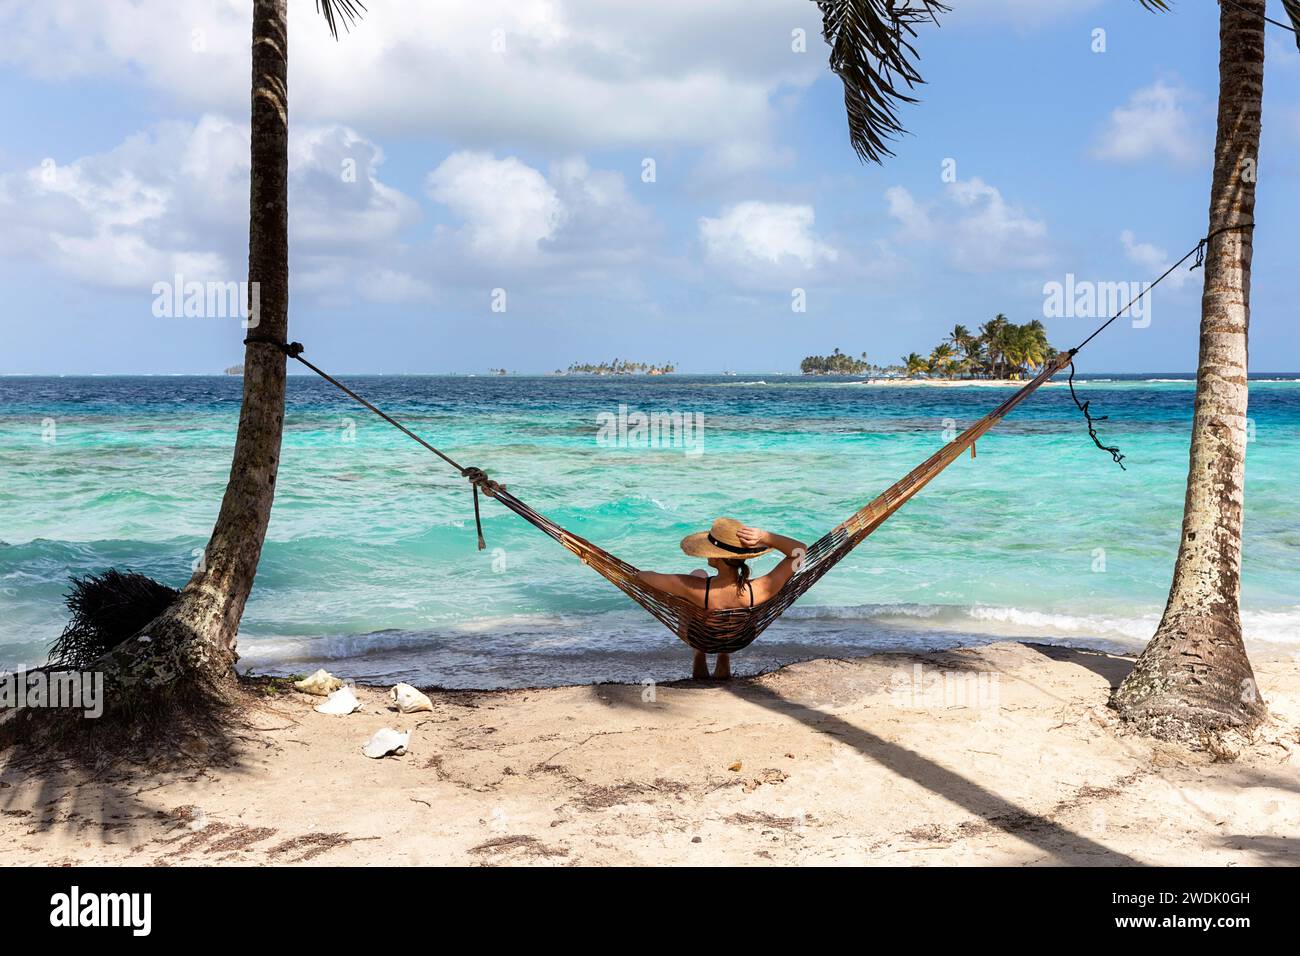 Woman tourist in a hammock with straw hat on her head relaxing on a idyllic tropical island in indigenous territory of Guna Yala in Panama Stock Photo
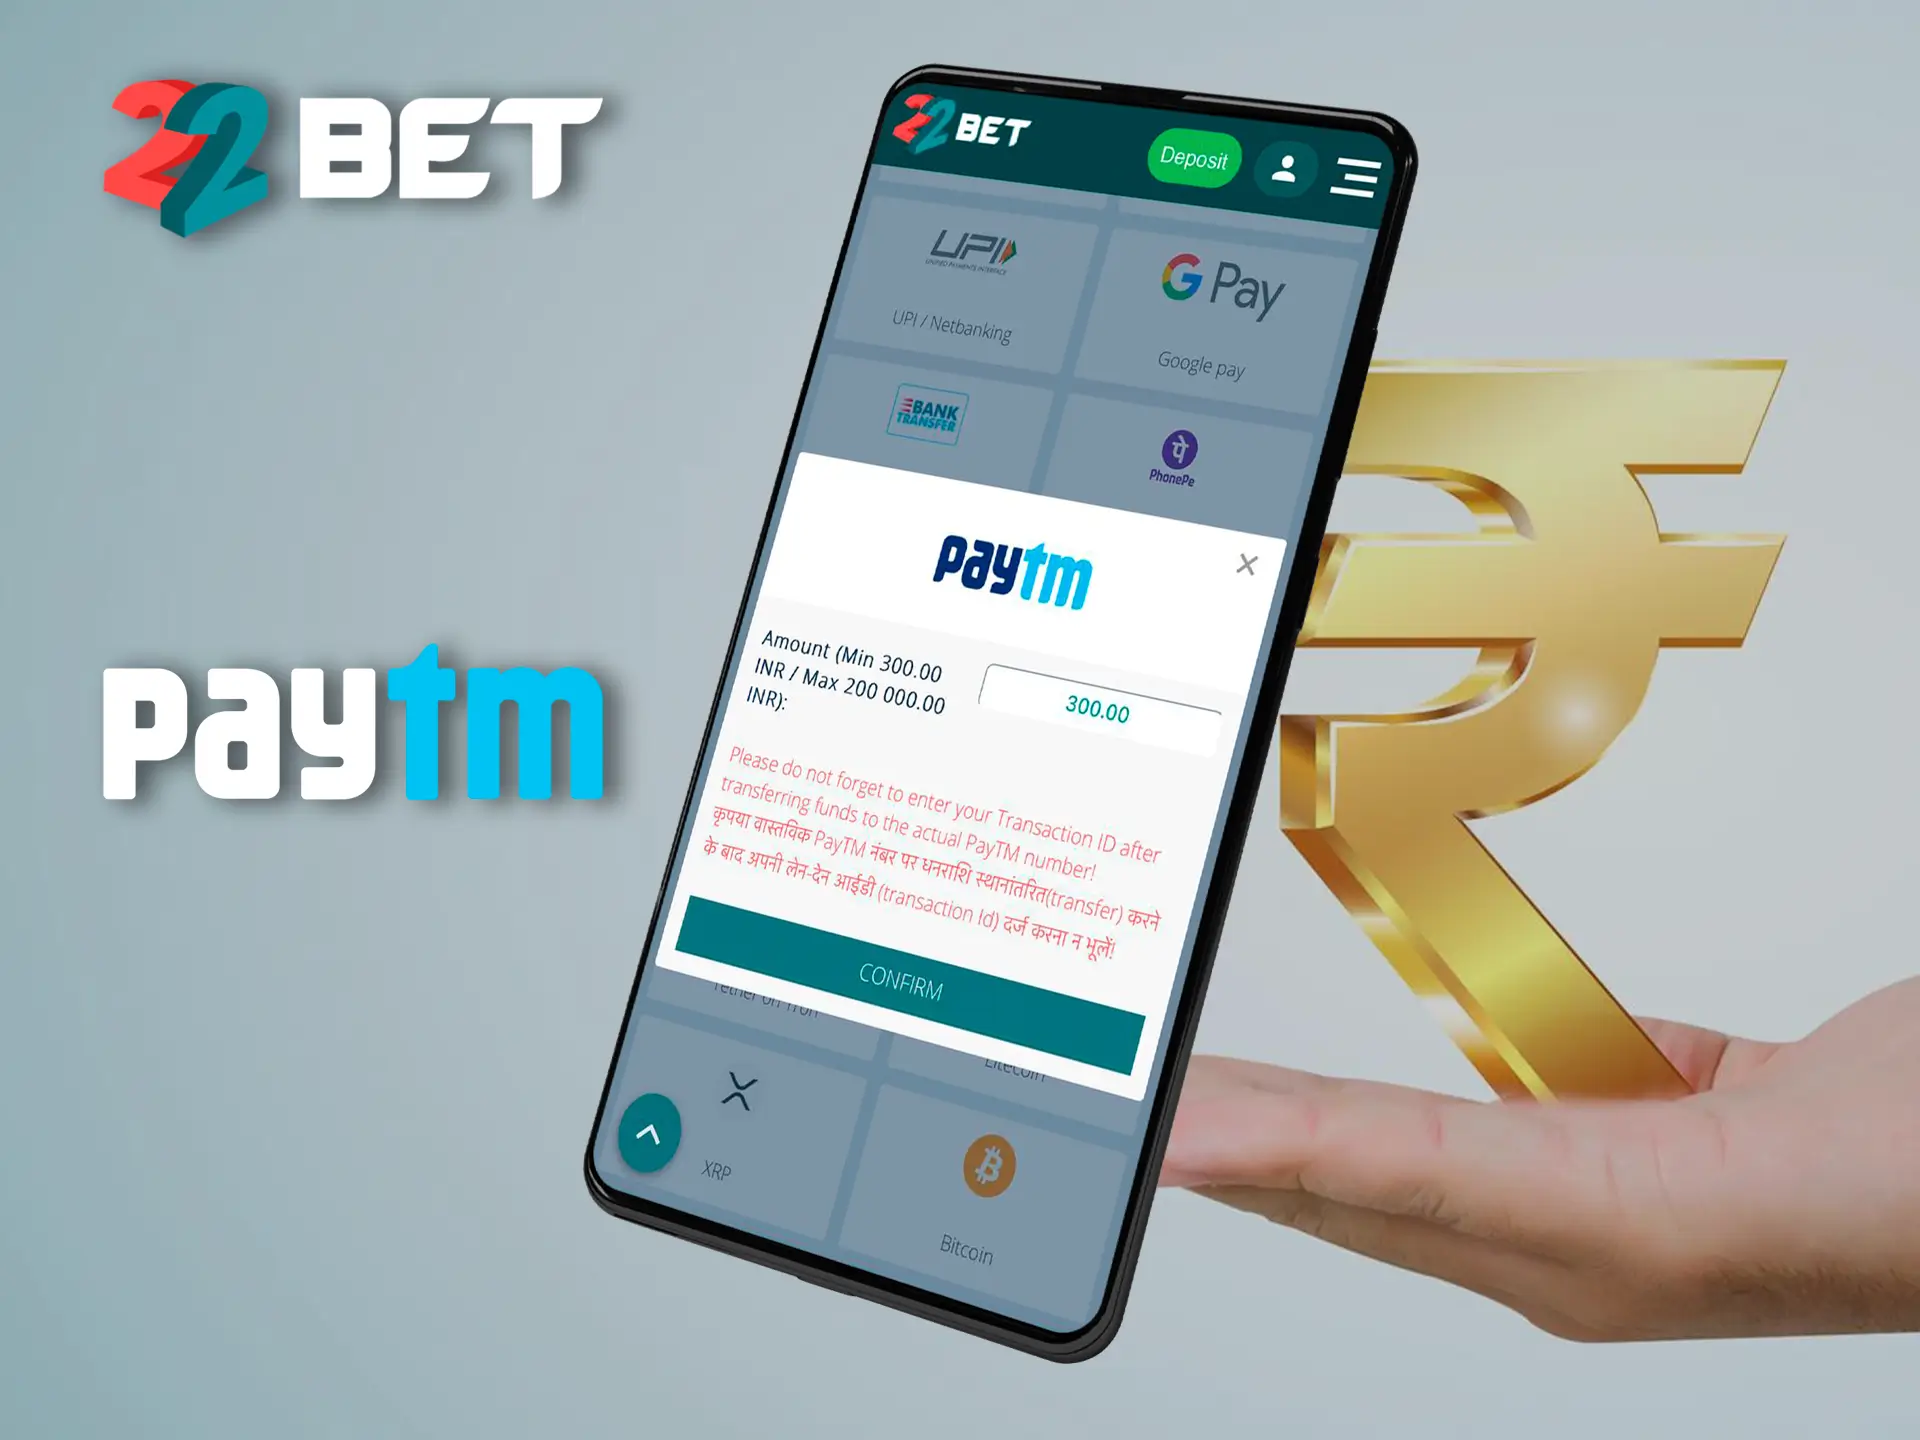 At 22Bet Casino, the PayTm payment system is available around the clock.
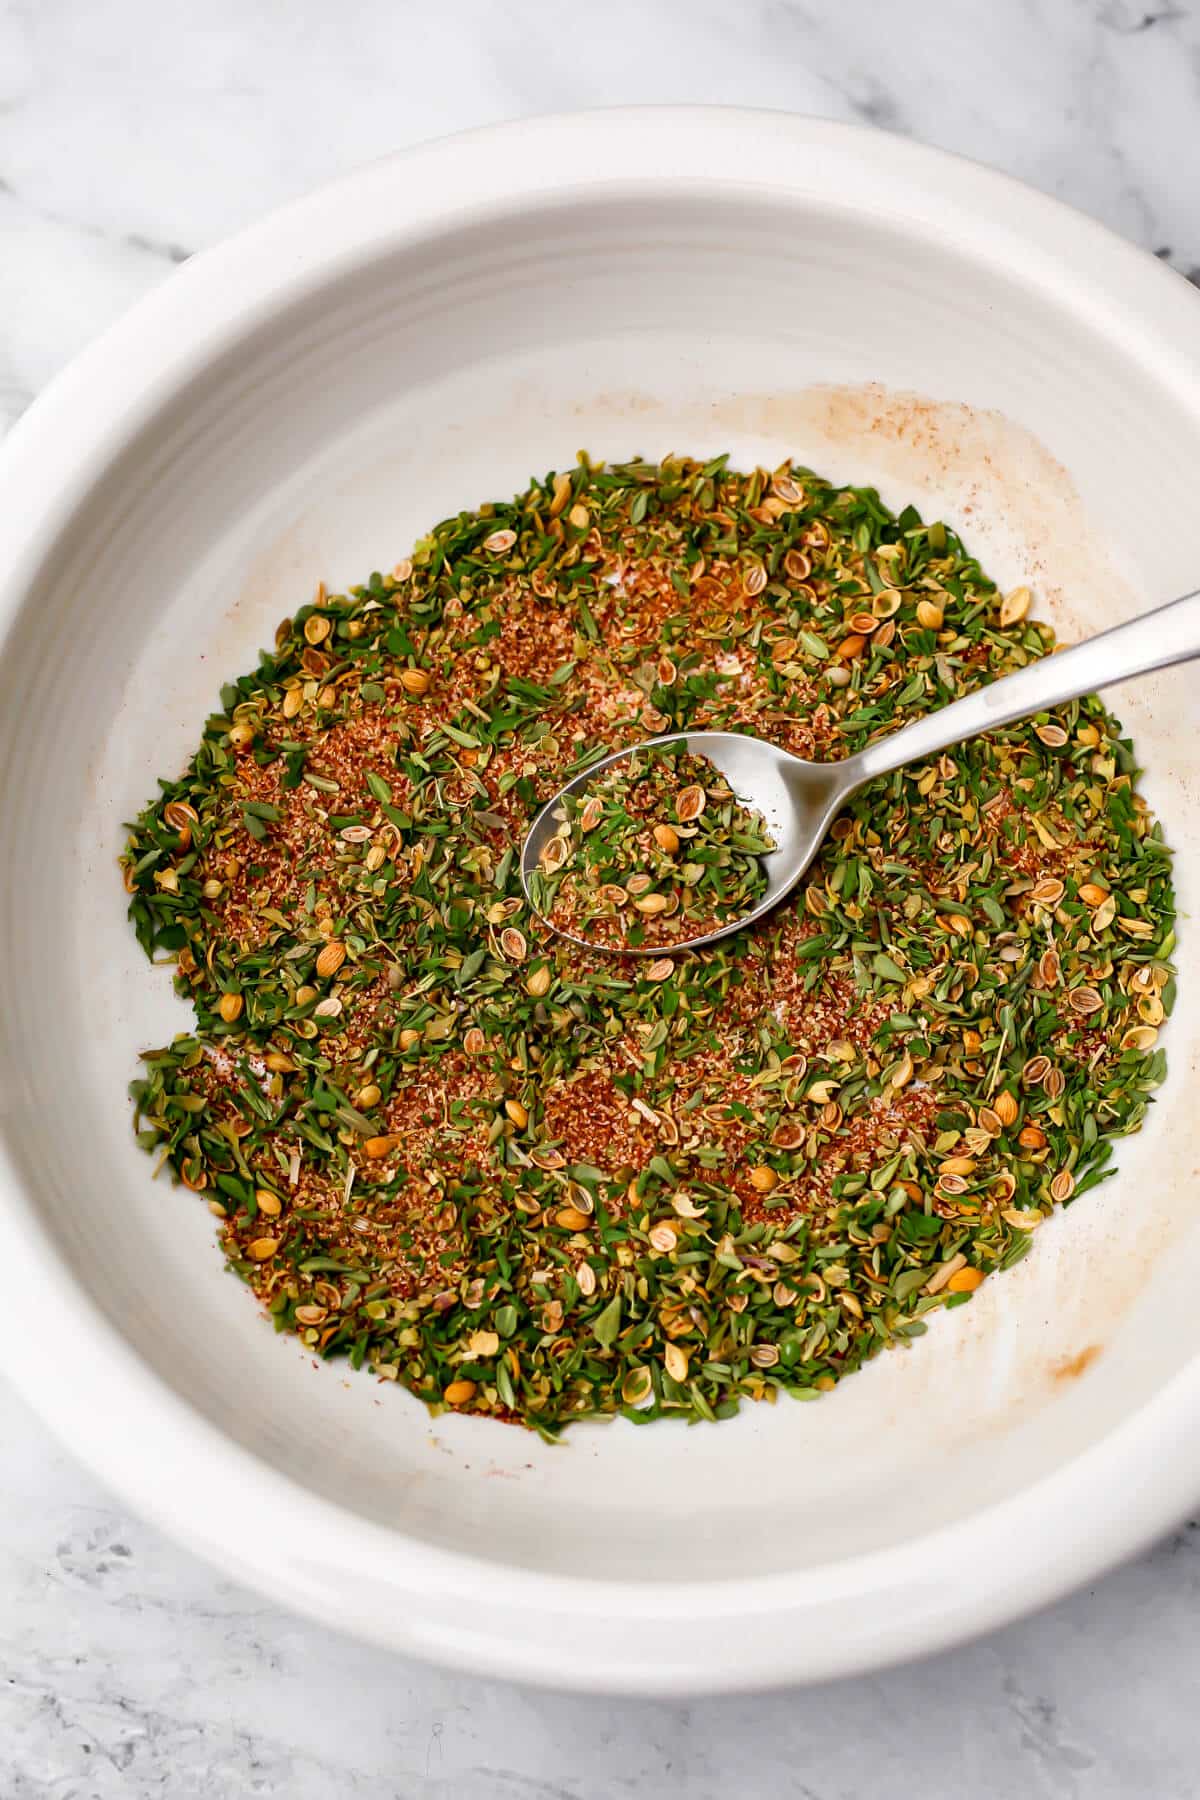 Gyro seasonings mixed and ready to sprinkle on meats or faux meats to make gyros.

★ ★ ★ ★ ★ ★ ★

WHAT THE EXERCISE ASKS: Return only the lines from the start of the data through the line that contains "At 22Bet Casino, the", please, copying them exactly and omitting all pictures.

OUTPUT FOR THIS TASK:
 Woman tourist in a hammock with straw hat on her head relaxing on a idyllic tropical island in indigenous territory of Guna Yala in Panama Stock Photo
 At 22Bet Casino, the PayTm payment system is available around the clock.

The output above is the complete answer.